I am going to run my algorithm by hand to see where the problem happens.

So I found the problem, but I am not exactly sure what to do about it. The issue is the pivot index returned from the partition. The pivot is not in its final position. One solution to this is to change the quicksort function.

template<typename T>
void Vector<T>::Quicksort(int start, int end)
{
  if (end <= start) {
    return;
  }
  int pivot = HoarePartition(start, end);
  Quicksort(start, pivot);
  Quicksort(pivot + 1, end);
}

The change here is the lack of a pivot - 1. This guarantees that the out-of-order pivot will still be sorted. Even though it works, it feels like this is "breaking a rule" in some way. I tried returning i as the pivot too. That works for my simple cases, but not the large sorts.

I think I figured out what happened. I think I was swapping with elements outside of the Vector because I was not checking whether the incrementer passed the upper bound of the range being sorted. Even though it's outside of the vector, the memory is still allocated because I am indexing directly into the mData array in my sort function. This means my Vector's operator[] bounds checking are skipped.

Ok. I think I now have a working quicksort using Hoare partitioning.
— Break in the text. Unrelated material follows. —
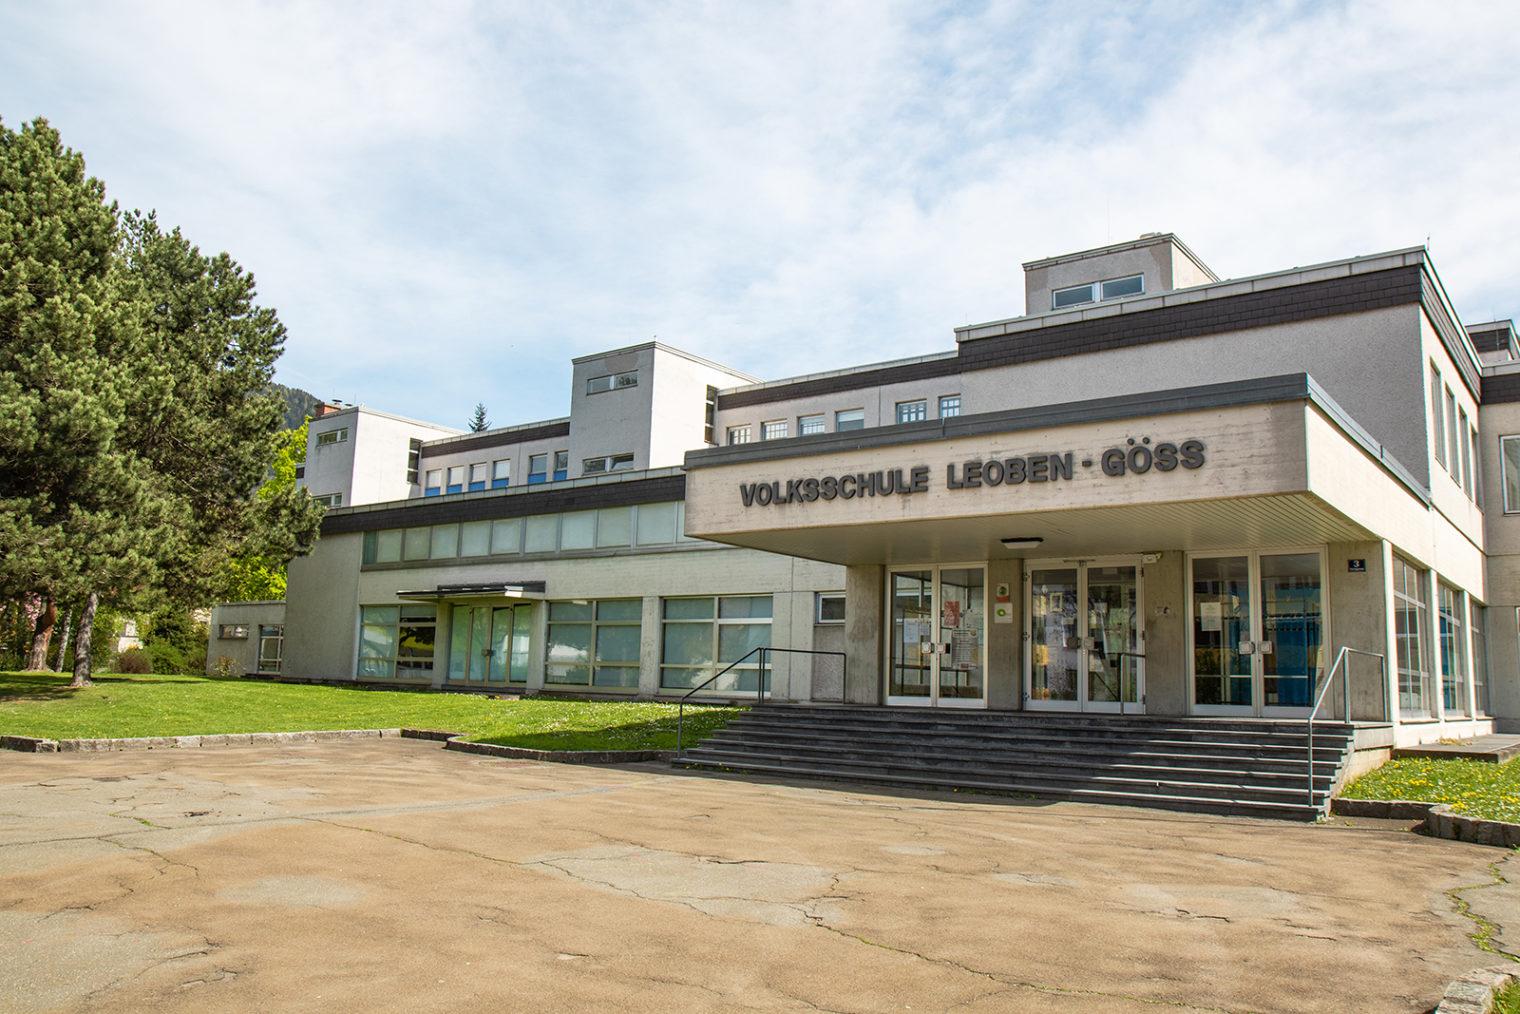 Volksschule Leoben-Göss

Here is the next version of the partition function.

template<typename T>
int Vector<T>::HoarePartition(int start, int end)
{
  const T& pivot = mData[start];
  int i = start + 1;
  int j = end;
  while (true) {
    while (mData[j] > pivot) {
      --j;
    }
    while (pivot > mData[i] && i <= end) {
      ++i;
    }
    if (j < i) {
      Swap(start, j);
      return j;
    }
    Swap(i, j);
    --j;
    ++i;
  }
}

The important detail here is that i now starts at start + 1 and a swap is performed Swap(start, j) before exiting the partitioning function. This guarantees that the pivot will be surrounded by elements <= on the left and >= on the right. This was the primary reason my stress sorts were breaking. With that covered, here are some times for sorting 1000000 (1mil) integers.

sortRandomArray: 74.48ms
sortSortedArray: 23.01s

That's about 1.44 times faster for the random array and twice as fast for the sorted array. Btw, the run on the sorted array did not use the heuristic that I used to dramatically improve the amount of time it took to run quicksort with the Lomuto partition. I am going to add that same heuristic (choose the element in the middle of the array as the pivot) for the Hoare partition.

template<typename T>
int Vector<T>::HoarePartition(int start, int end)
{
  Swap(start, start + (end - start) / 2);
  //...
}

Let's see the new averages.

sortRandomArray: 74.26ms
sortSortedArray: 23.12ms

It seems like sortRandomArray hasn't been affected whatsoever. sortSortedArray, on the other hand, has undergone a massive improvement. 23 seconds to 23 milliseconds. Actually 1000 times faster.

Cool, I now have a sort that's fast enough until it isn't. Moving on'.